With relations already deteriorating to their Cold War level, a dispute arose between the two countries over the nature of each other’s diplomatic missions, including the number of diplomats who could report to the capital.
“I cannot say that we have made much progress. There is a risk that tensions will escalate further,” the Russian Interfax news agency quoted Ryabkov as saying after his talks with US Assistant Secretary of State Victoria Nuland.
State Department spokesman Ned Price said, in a press briefing, that Nuland’s meetings with Russian officials were “helpful,” adding that the United States’ position on the appointment of staff to American missions in Russia remains “steadfast.”
He added, “We expect equality in the numbers of staff and reciprocity in the issuance of visas. There must be justice, and there must be flexibility on the Russian side, if we want to reach a fair agreement, and this is exactly what we seek.”
He explained that another round of talks will be held at a lower level and that Washington hopes to find a solution to the conflict, adding: “We need an embassy in Moscow with a sufficient number of staff.”

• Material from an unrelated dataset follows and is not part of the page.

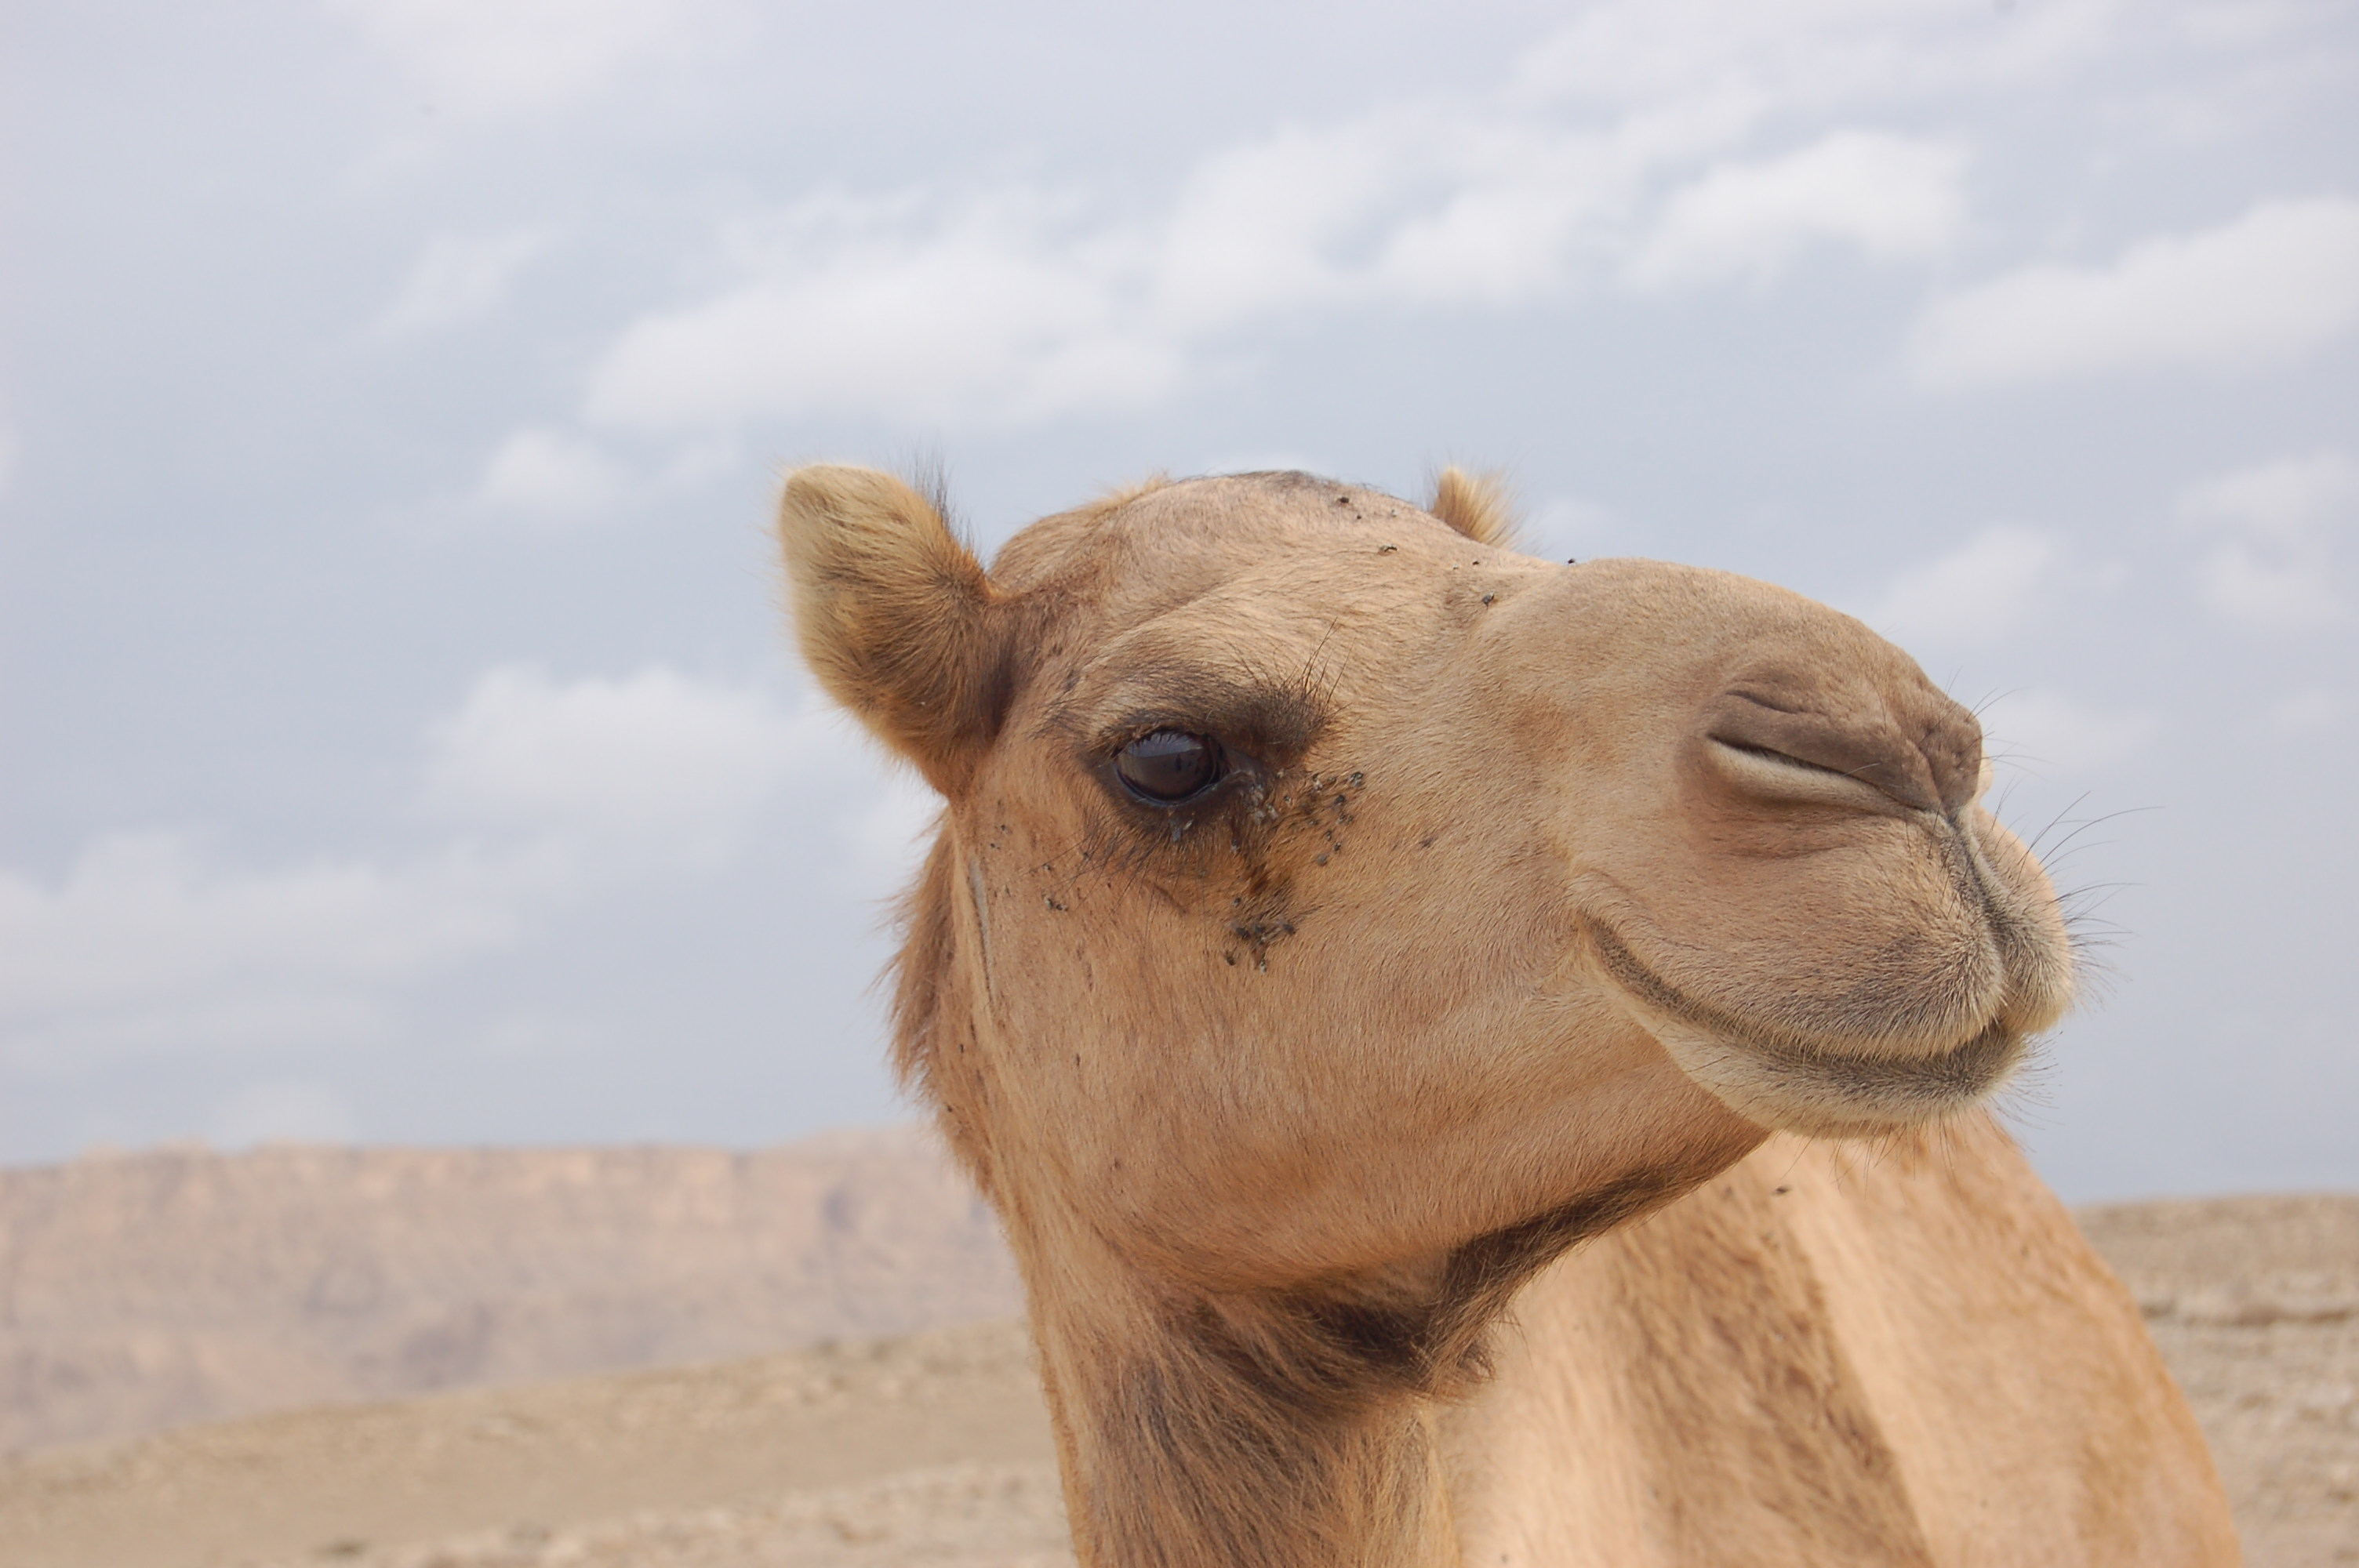 Ship of the desert, Animal, Camel, Desert, Head, HQ Photo
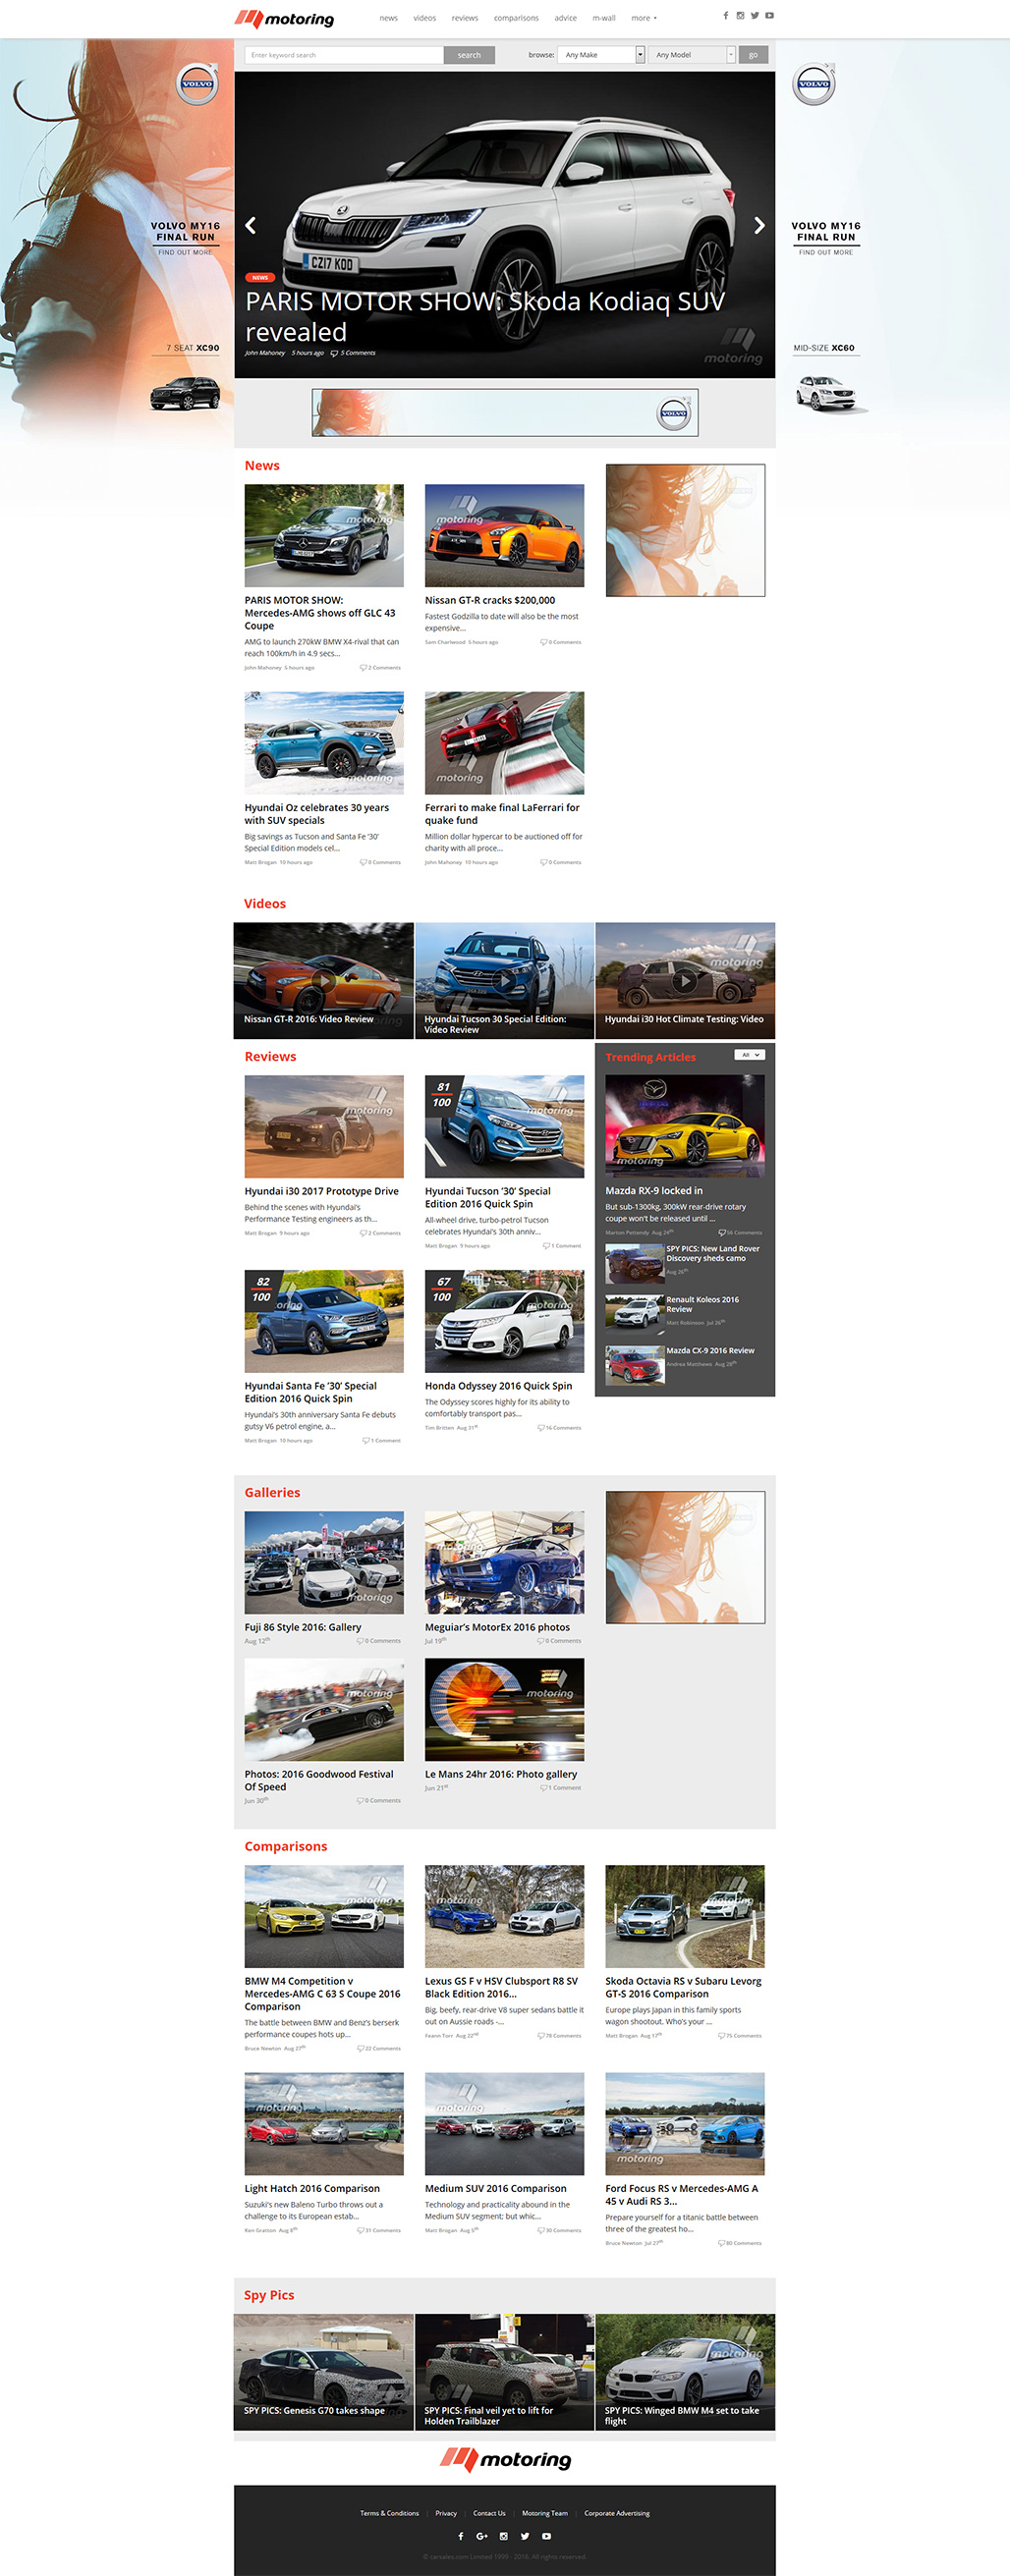 motoring.homepage

Last week, the Russian Foreign Ministry said that a proposal by the US Congress to expel 300 Russian diplomats from the United States, if implemented, could lead to the closure of US diplomatic facilities in Russia.
Ryabkov said the dialogue with Nuland was frank and useful, but that each side’s position remained different from that of the other.
The RIA news agency quoted Ryabkov as saying that Moscow does not rule out freezing the work of the Russian and US diplomatic missions, but it wants to avoid this.